UK Energy Price Cap Extended to 2027: What It Means for Your Bills
The government's price cap framework is staying put through 2027. Here's how to protect your household from volatility while it lasts.
The UK's energy price cap—the regulatory ceiling on mains gas and electricity charges—will remain in place through at least 2027, offering households a degree of certainty in an unpredictable global energy market. But don't mistake stability for bargains. At 6.04p/kWh for gas and 24.5p/kWh for electricity, bills remain elevated compared to pre-2021 levels, and the cap itself can—and will—adjust quarterly based on wholesale costs.
What the Extended Cap Actually Protects
The price cap sets a maximum unit rate and standing charge that suppliers cannot exceed. It applies to around 24 million households on standard variable tariffs. However, it is not a fixed price guarantee:
• The cap adjusts every three months (January, April, July, October)
• Wholesale price spikes directly feed through to future adjustments
• Fixed-rate deals, if available, may offer better value but carry their own risks
• Off-grid fuels like heating oil (97.4p/litre) and wood pellets (7.2p/kWh) sit entirely outside the cap
The Wider Policy Picture
Extending the cap through 2027 signals the government's commitment to protecting vulnerable households while markets stabilise. But energy policy is increasingly fragmented. The government is simultaneously:
- Encouraging heat pump adoption through installer grants
- Phasing out gas boilers from new builds (delayed to 2035 in most properties)
- Allowing regional variation in biomass support
For homeowners, this means diversification matters more than ever. Relying solely on capped mains gas leaves you exposed to future policy changes. Those able to access alternative fuels—including heating oil, wood pellets, or air-source heating—now have genuine leverage in managing long-term costs.
Three Actions to Take Now
1. Review your fuel mix. If you're all-in on mains gas, spend 30 minutes comparing alternatives on our site. Compare heating oil and wood pellets pricing in your area—you may find meaningful savings, especially if you can buy bulk.
2. Don't assume the cap is static.
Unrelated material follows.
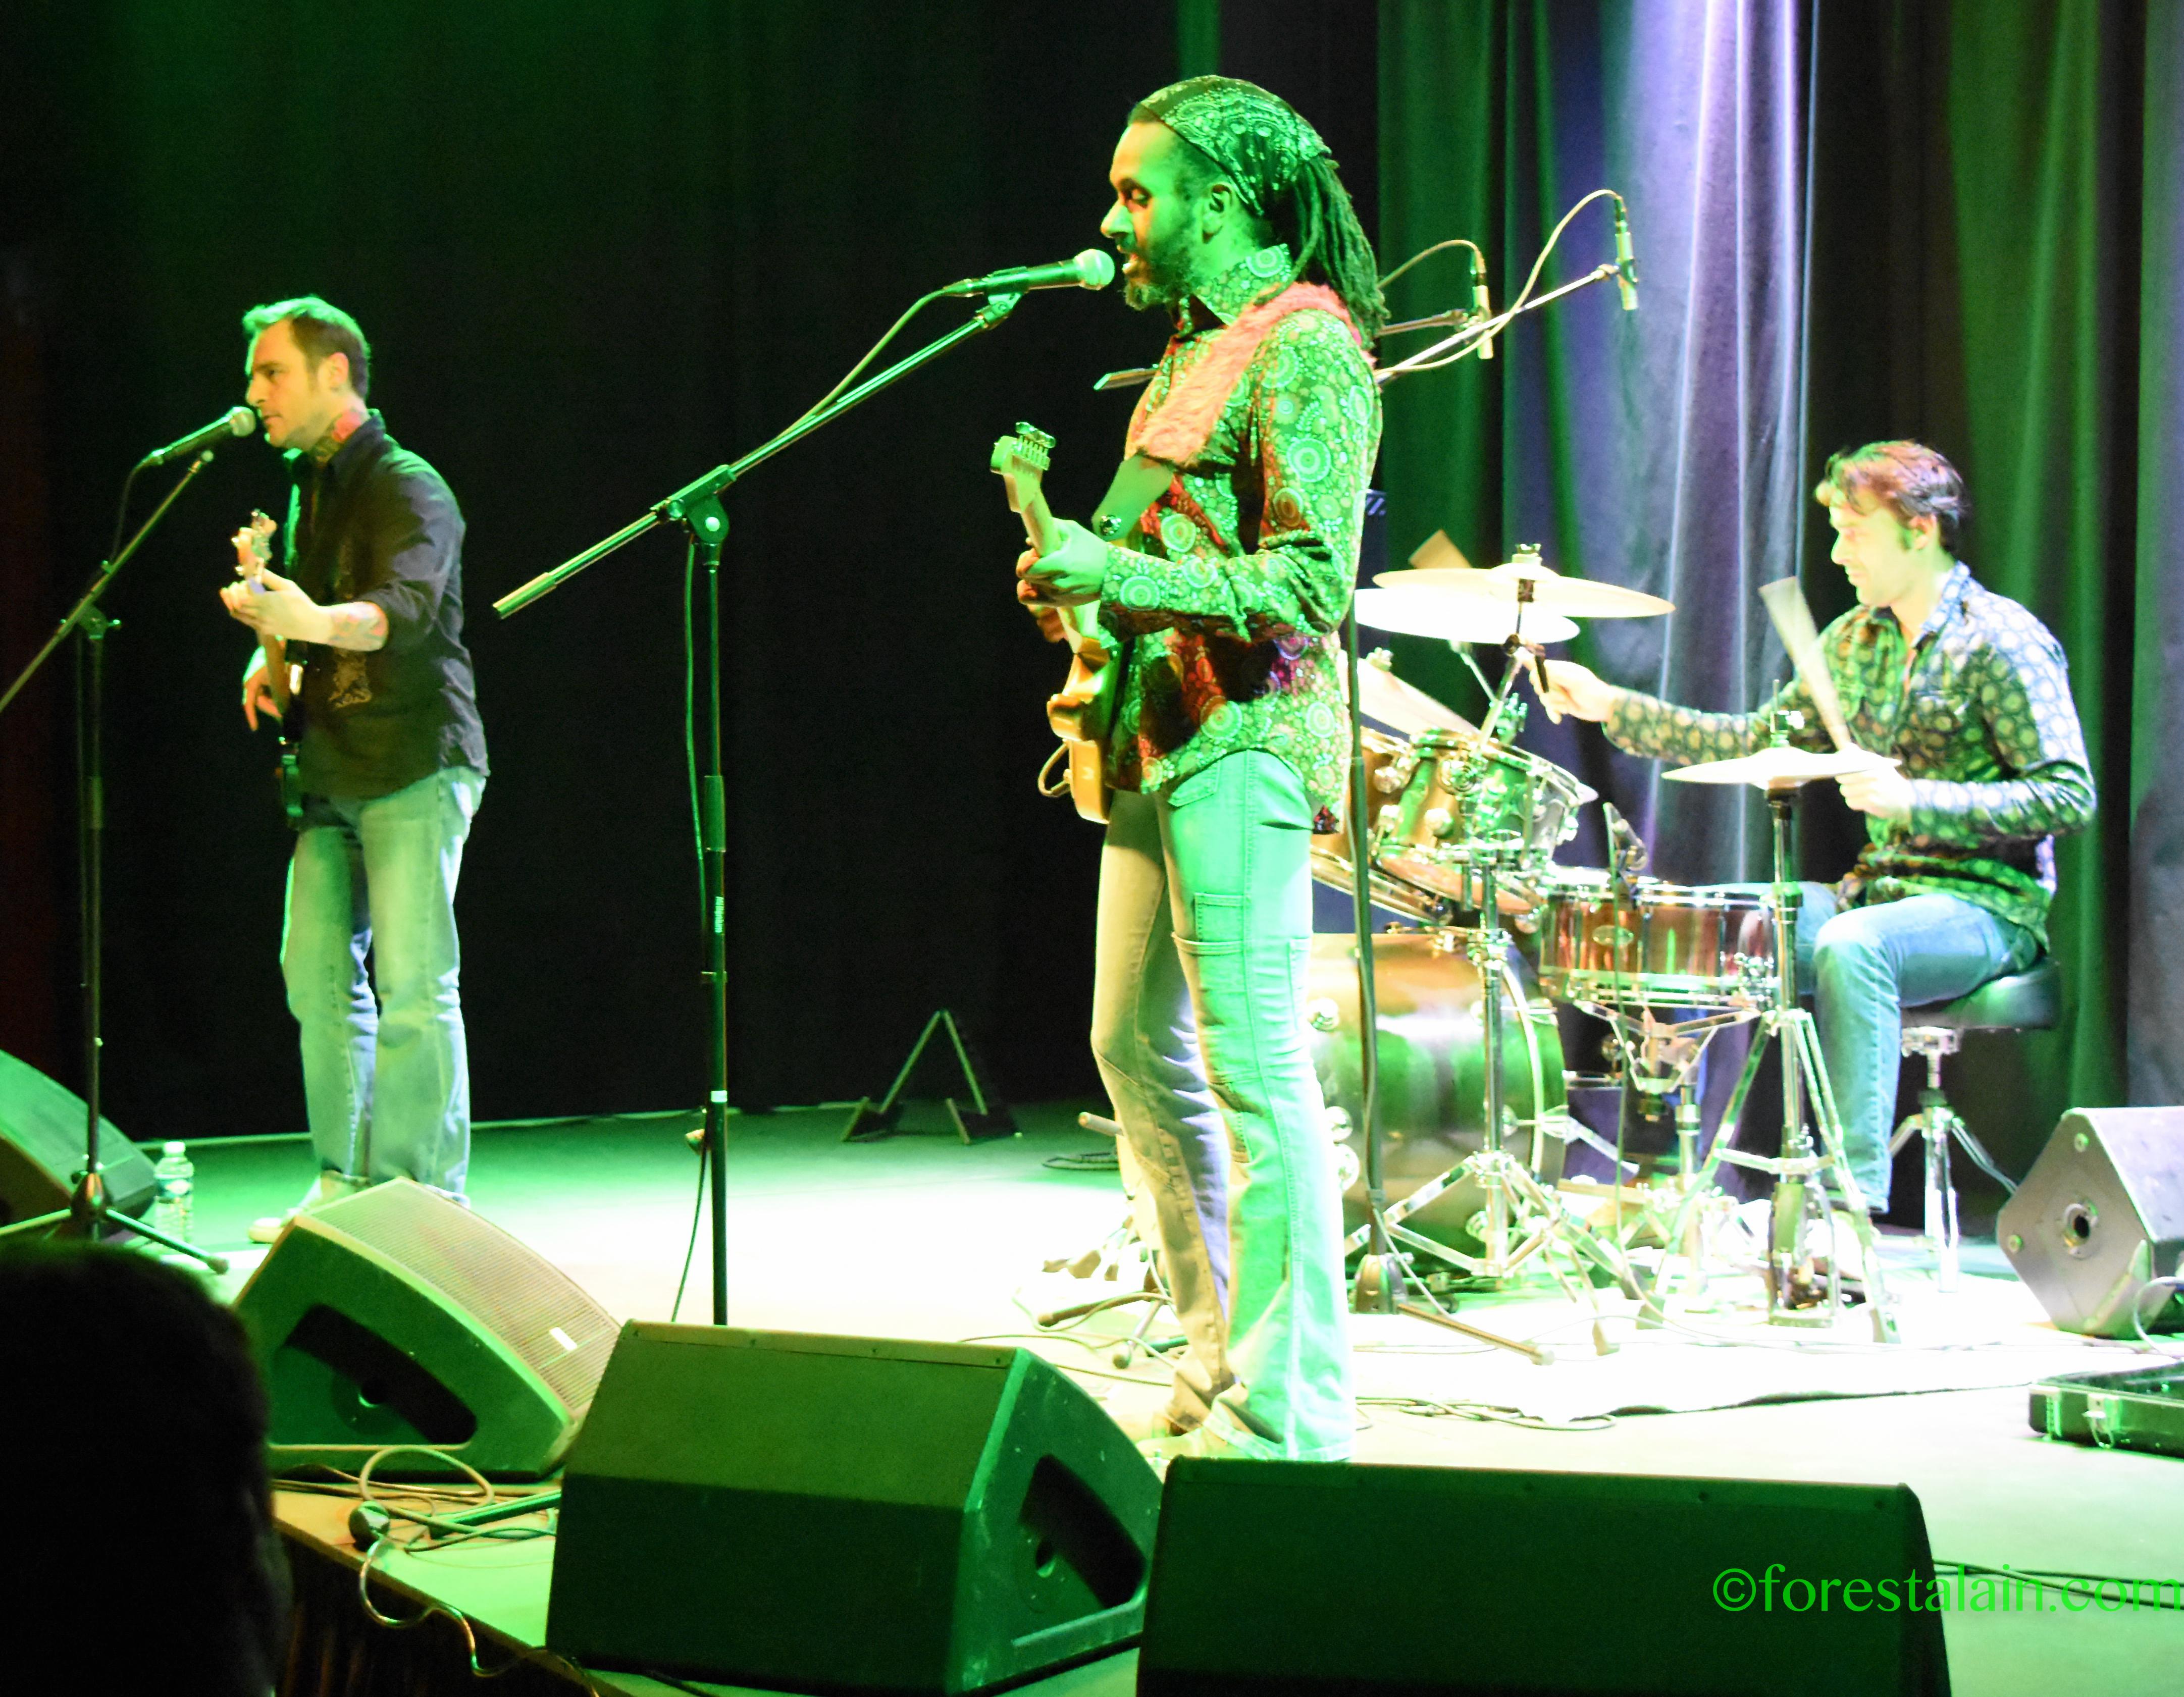 Band of Gypsies Hassan Hajdi/Jean-Christophe Bauer/Benoit Cazzulini
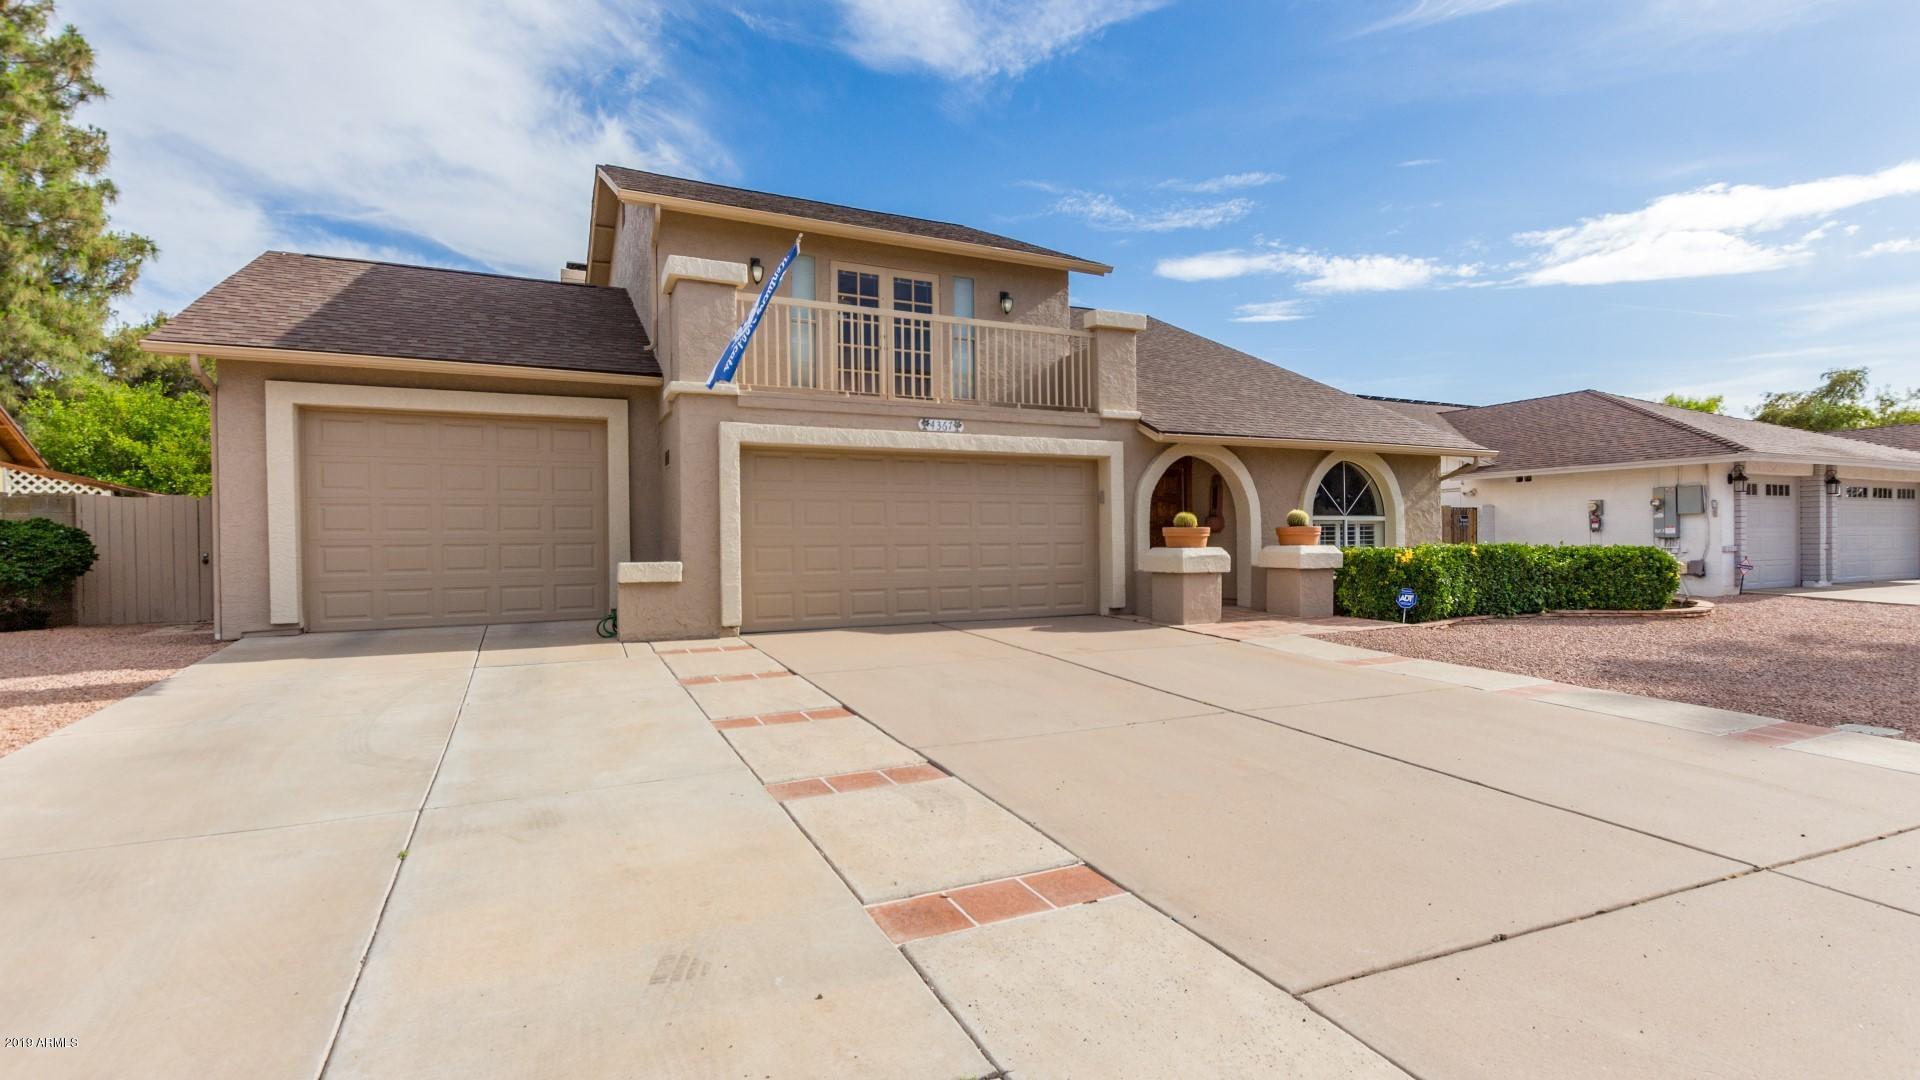 Photo of 4367 W CHARLESTON Avenue, Glendale, AZ 85308

Set a calendar reminder for the next cap adjustment announcement (usually mid-month, two months before it takes effect). Understand your likely bill impact rather than being blindsided.
3. Lock in fixed rates if they appear. While fixed deals are rarer now than in 2023–24, if a supplier offers a genuinely competitive 1–2 year fixed rate on electricity or gas, run the sums. The cost of certainty may be worth it.
The Bottom Line
The extended price cap is good news for stability but not a substitute for active management. Energy markets remain volatile. Homeowners who compare suppliers, track policy changes, and consider alternative fuels will navigate 2026–27 far more confidently than those who simply accept whatever the cap delivers.